Dataset excerpt Block Start
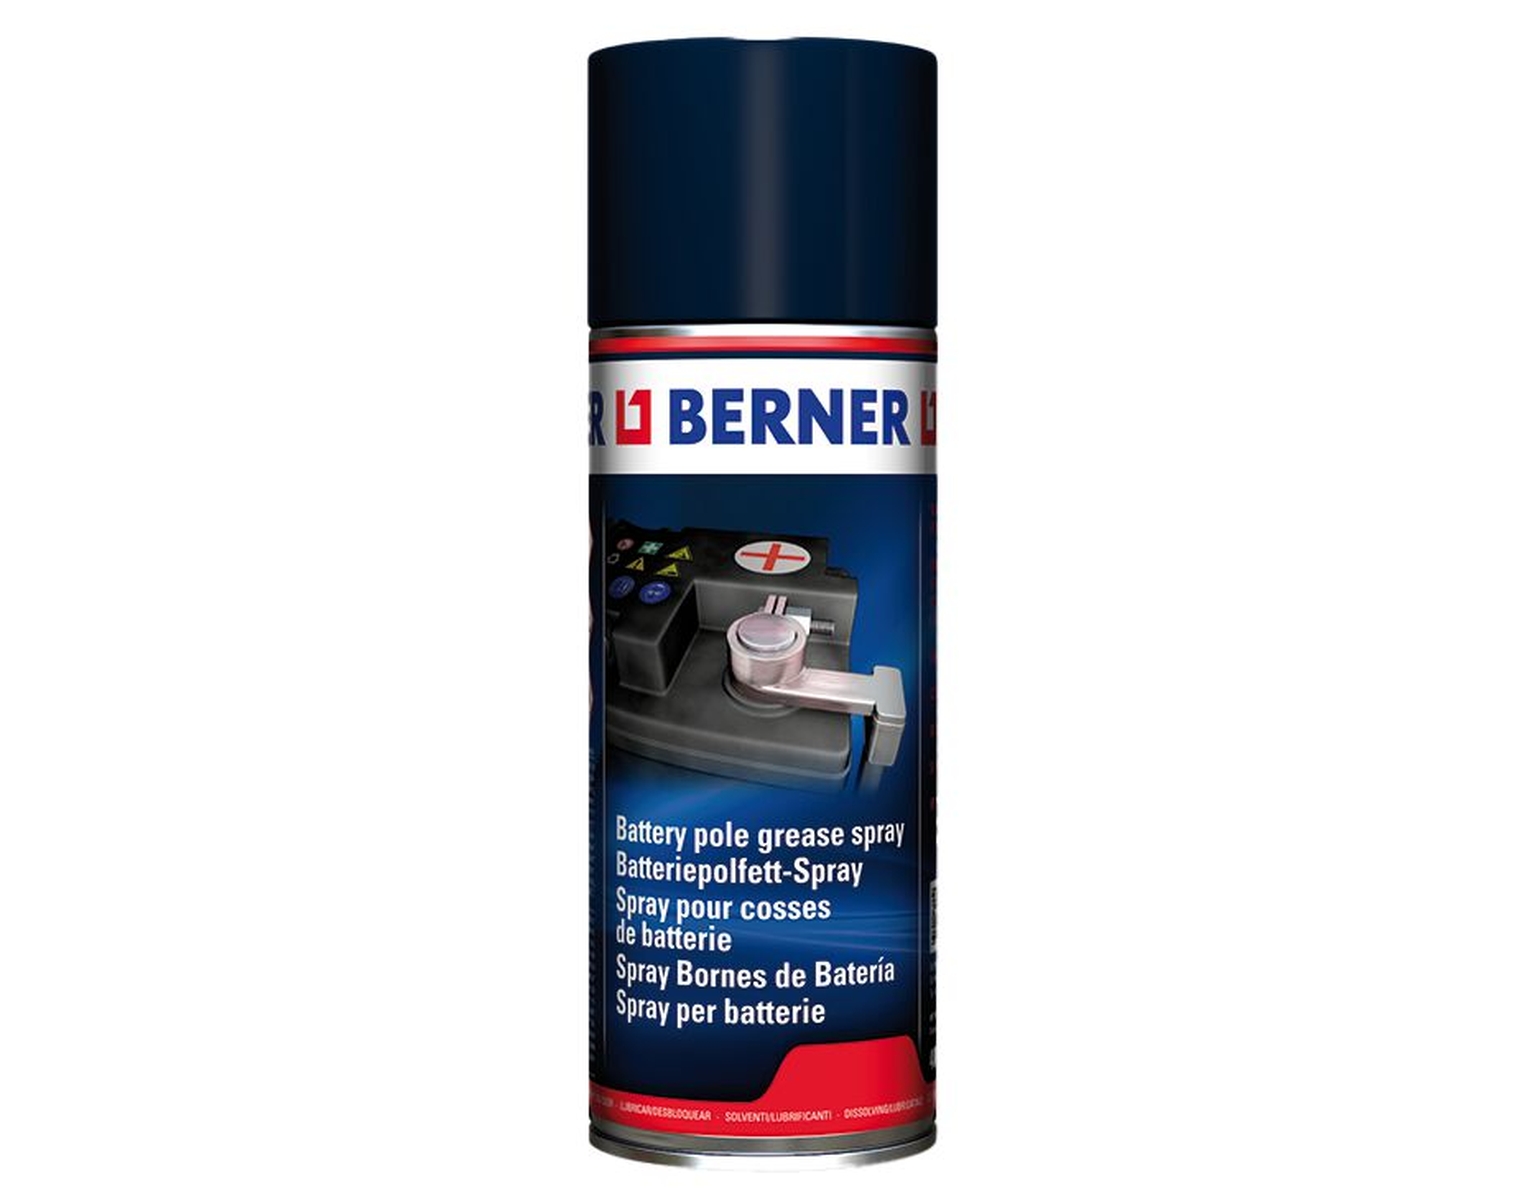 BERNER Spray de graisse pour batteries, 400 g
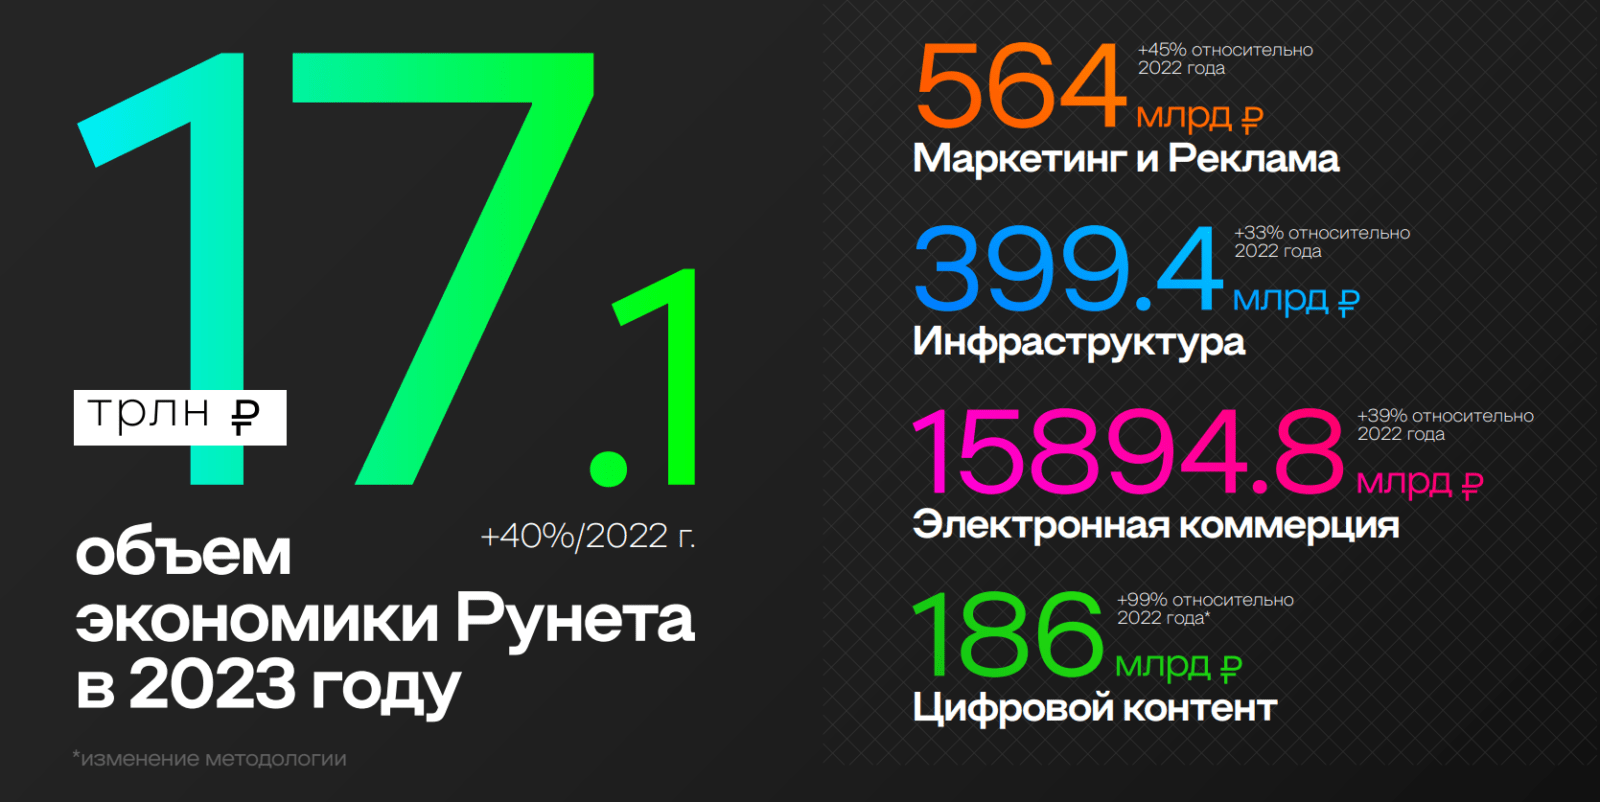 «Экономика Рунета» выросла на 40% в 2023 году – РАЭК
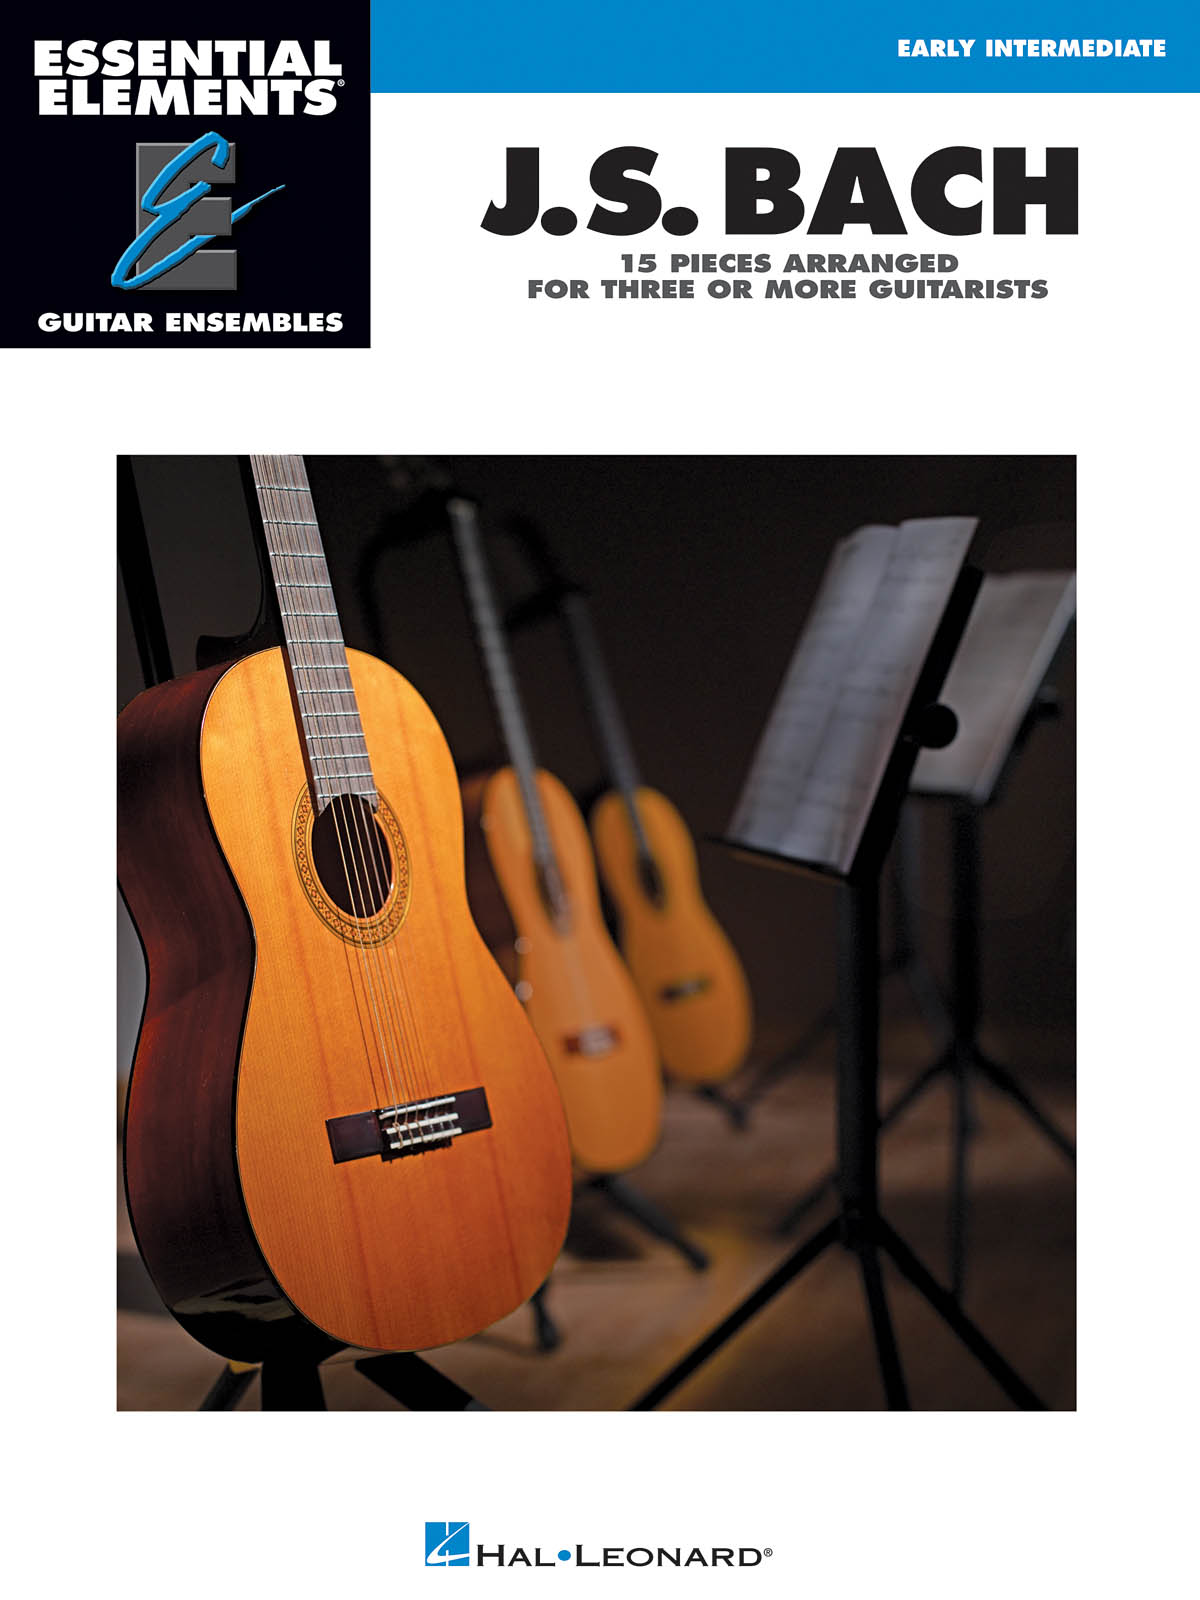 Johann Sebastian Bach: Essential Elements Guitar Ens - J.S. Bach: Guitar
Dataset excerpt Block End
| Exercise objective |
Reproduce, word for word, every line from the one that contains "году – РАЭК" to the end of the data, including both ends; omit all pictures.

| Written response |
 «Экономика Рунета» выросла на 40% в 2023 году – РАЭК
 Johann Sebastian Bach: Essential Elements Guitar Ens - J.S. Bach: Guitar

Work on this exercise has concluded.